From 2003–2013, 34,261 women age 30–65, with no prior history of screening abnormalities, precancers, or treatments, tested HPV-positive/Pap-negative at their first “cotesting” (testing with both HPV and Pap) screen. According to KPNC protocols, these women would have been told to forgo immediate colposcopy and undergo a repeat cotesting screen in one year, where if they tested either HPV-positive or Pap-positive, they would be referred to colposcopy for definitive disease ascertainment. However, only 12,058 (35.2%) of women had repeat cotesting one year later; 1,249 (3.6%) opted for immediate colposcopy, while others either returned late for repeat cotesting (the largest return time was over 10 years later) or did not return at all.

Among the population of HPV-positive/Pap-negative women, 1,056 CIN3+ were diagnosed, of which 61 (8.8%) were classified as cancers. Because early cervical cancers and precancers usually have no symptoms, we treated censoring as uninformative. We applied an algorithm to patients’ longitudinal history of cotesting and colposcopy results so that the intervals (Li, Ri) reflect medical opinion of the smallest reasonable interval in which disease onset can occur. For example, we accepted negative cotesting results as a surrogate for ascertaining that a woman did not have precancer/cancer (<CIN3), because HPV-positivity is a necessary precursor to cervical cancer and negative cotesting results have a very low false positive rate [26]. Among the 34,261 women testing HPV-positive/Pap-negative at their first cotesting screen, 61 (0.18%) were diagnosed with CIN3+ at an immediate colposcopy visit. 995 (2.90%) were diagnosed with CIN3+ in follow-up, of which we could rule out prevalent CIN3+ for only 292 (0.85%). 24,282 (70.87%) were right-censored, while 8,923 (26.0%) did not have sufficient history to classify as either CIN3+ or <CIN3 at any time point. The percentage risk of a prevalent CIN3+ in the sample is then between 100x61/(24,282+61+995)%=0.24% and 100x(61+995-292)/(24,282+61+995)%=3.02%.

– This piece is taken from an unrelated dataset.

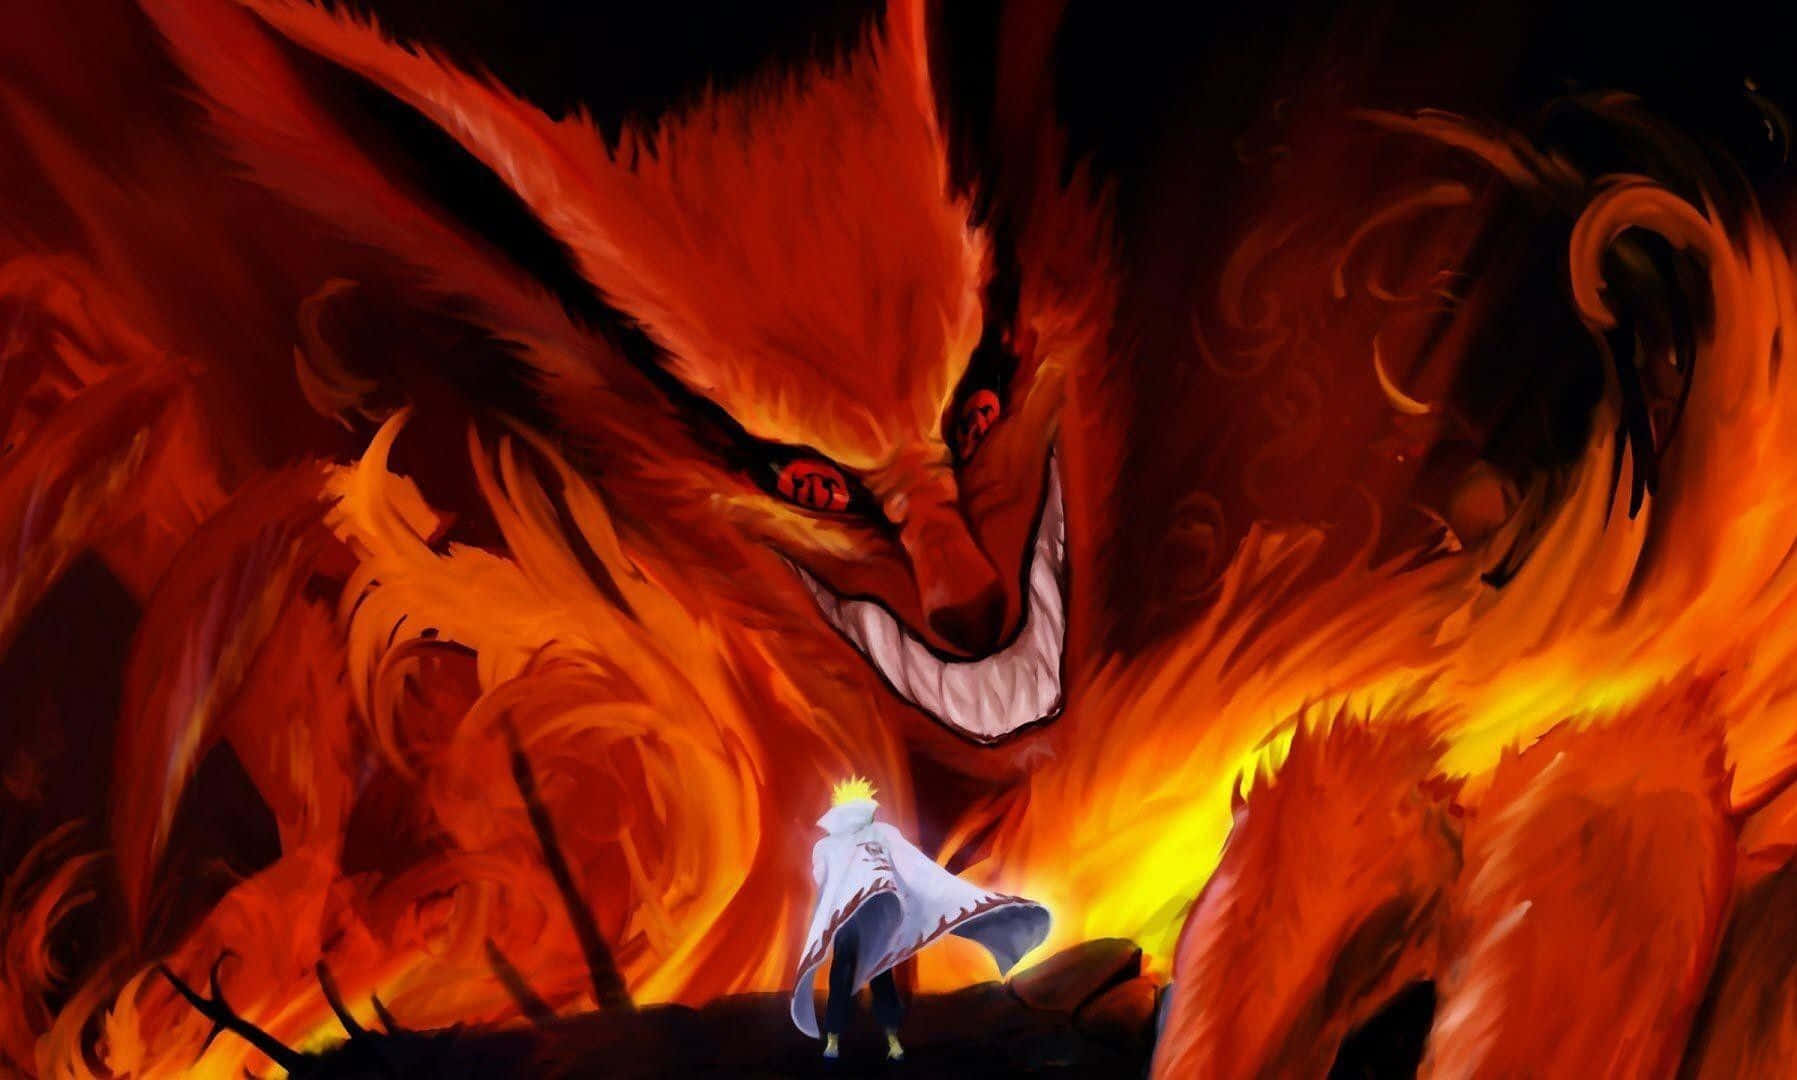 Observe the beauty of the mythical Nine Tailed Fox

5.1 Comparison of cumulative risk estimates

For women testing HPV-positive/Pap-negative, we estimated the cumulative risk of CIN3+ using our non-parametric risk estimator, the Kaplan-Meier estimator treating time of diagnosis as occurrence time, and various parametric prevalence incidence models fitted without covariates. For parametric prevalence incidence models, we modelled prevalent disease using an intercept-only logistic regression and considered the Weibull, exponential, loglogistic, lognormal, generalized gamma, and gamma distributions for the incidence model. Confidence intervals were obtained by estimating confidence limits on the asymptotically normal complementary log-log scale and converting those confidence limits to the cumulative risk scale. Figure 1 shows the cumulative risk curve of CIN3+ from the non-parametric risk estimator, the Kaplan-Meier estimator, the logistic-Weibull model, and the logistic-generalized-gamma model, which is the best fitting parametric prevalence-incidence model according to the Bayesian Information Criterion (BIC).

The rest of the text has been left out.